TV's abnormal noise prevention circuit

1 is a block diagram showing a general audio signal recovery process.

2 is a block diagram of a conventional TV noise prevention circuit.

3 is a detailed circuit diagram of the mute part.

4 is a block diagram of the abnormal noise prevention circuit of the present invention.

5 is a detailed circuit diagram of the bias control unit.

6 is an output waveform diagram of an audio signal and a mute signal.

7 is a waveform diagram of a reset signal at power off.

8 is a block diagram showing a reset period adjustment process.

* Explanation of symbols for main parts of the drawings

100: power switch 200: audio signal processing unit

300: amplification unit 400: mute unit

500: power delay unit 600: bias control unit

700: reset control unit 800: power supply unit

900: reset unit

The present invention relates to an abnormal noise prevention circuit, and more particularly, to an abnormal noise prevention circuit of a TV, which is suitable for eliminating the POP noise generated when the power is turned off by causing the discharge of the amplifier to be later than the mute signal.

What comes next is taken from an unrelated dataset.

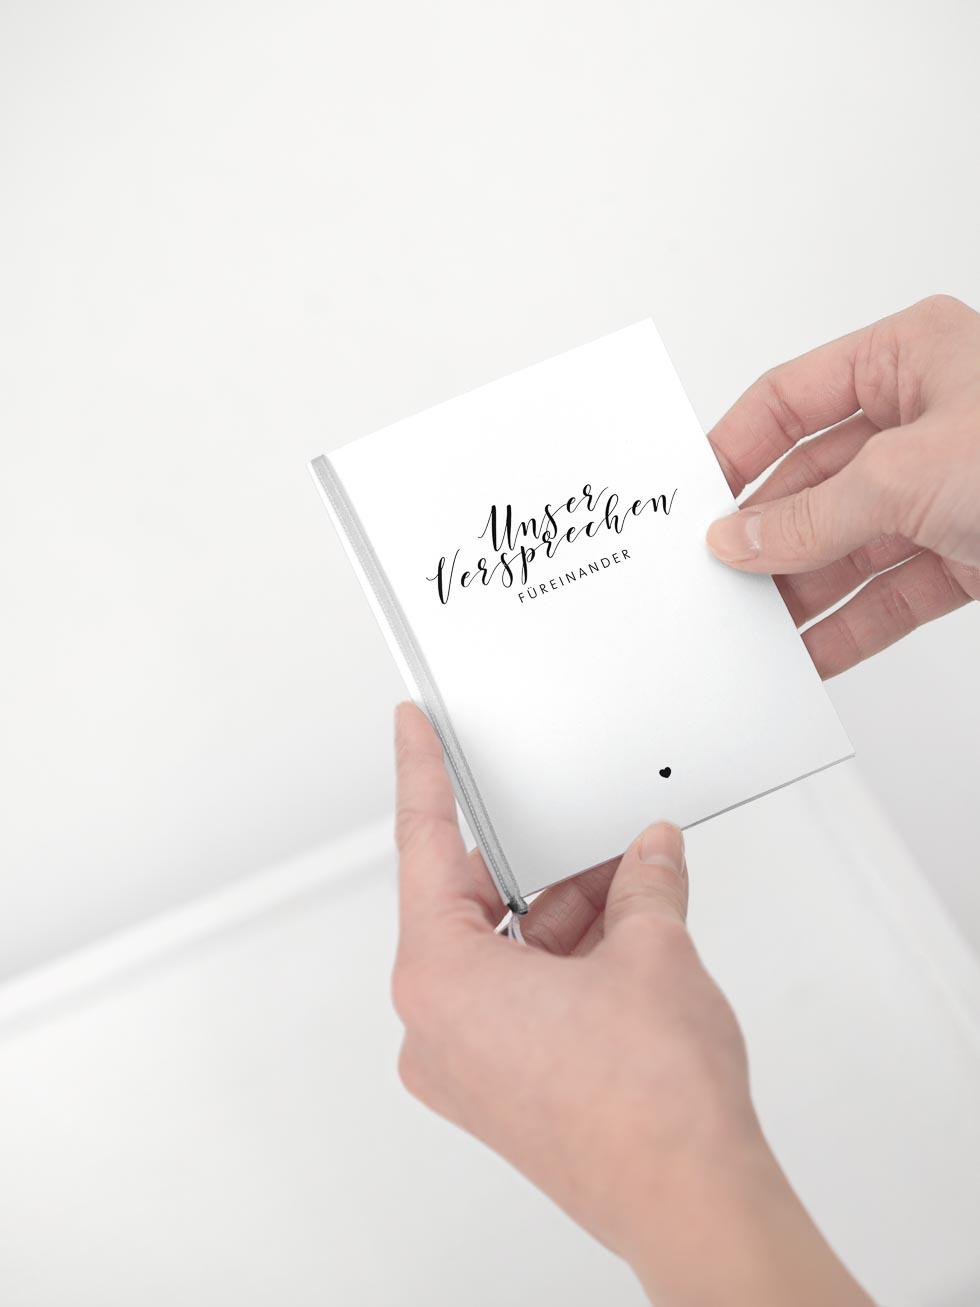 treueversprechen booklet - Ehegelobnis Beispiele

FIG. 1 is a block diagram illustrating a general audio signal restoration process in a TV and the like. When the power switch 1 is turned on as shown in FIG. 1, the microcomputer 2 operates to control the entire system.

At this time, the intermediate frequency signal IF received by the tuner 3 is detected through a SAW FILTER (not shown) and input to the audio signal processing unit 4, which is input to the audio signal processing unit 4. Demodulate and output the signal.

It is amplified by the amplifier 5 demodulated by the audio signal processor 4 and output through the speaker 6.

During the process of restoring the audio signal through the above-described process, the microcomputer 2 controls the function of removing residual sound during power on / off or channel switching. However, these functions are only possible when the power is on, that is, when voltage is applied, and transient noise occurs due to transients until the power is turned off and the power is turned on and stabilized.

In order to solve the problem in which the abnormal noise occurs, a mute unit is generally configured in hardware.

2 is a block diagram of an abnormal noise prevention circuit of a conventional TV. As shown therein, an audio signal processor 4 demodulates and outputs an intermediate frequency signal inputted through a power switch 1 on a tuner (not shown). The amplifier 5 amplifies the demodulated signal of the audio signal processor 4 and outputs the same through the speaker 6, and adjusts the bias of the amplifier 5 according to a user's operation. And a mute unit 7 for controlling the driving of the "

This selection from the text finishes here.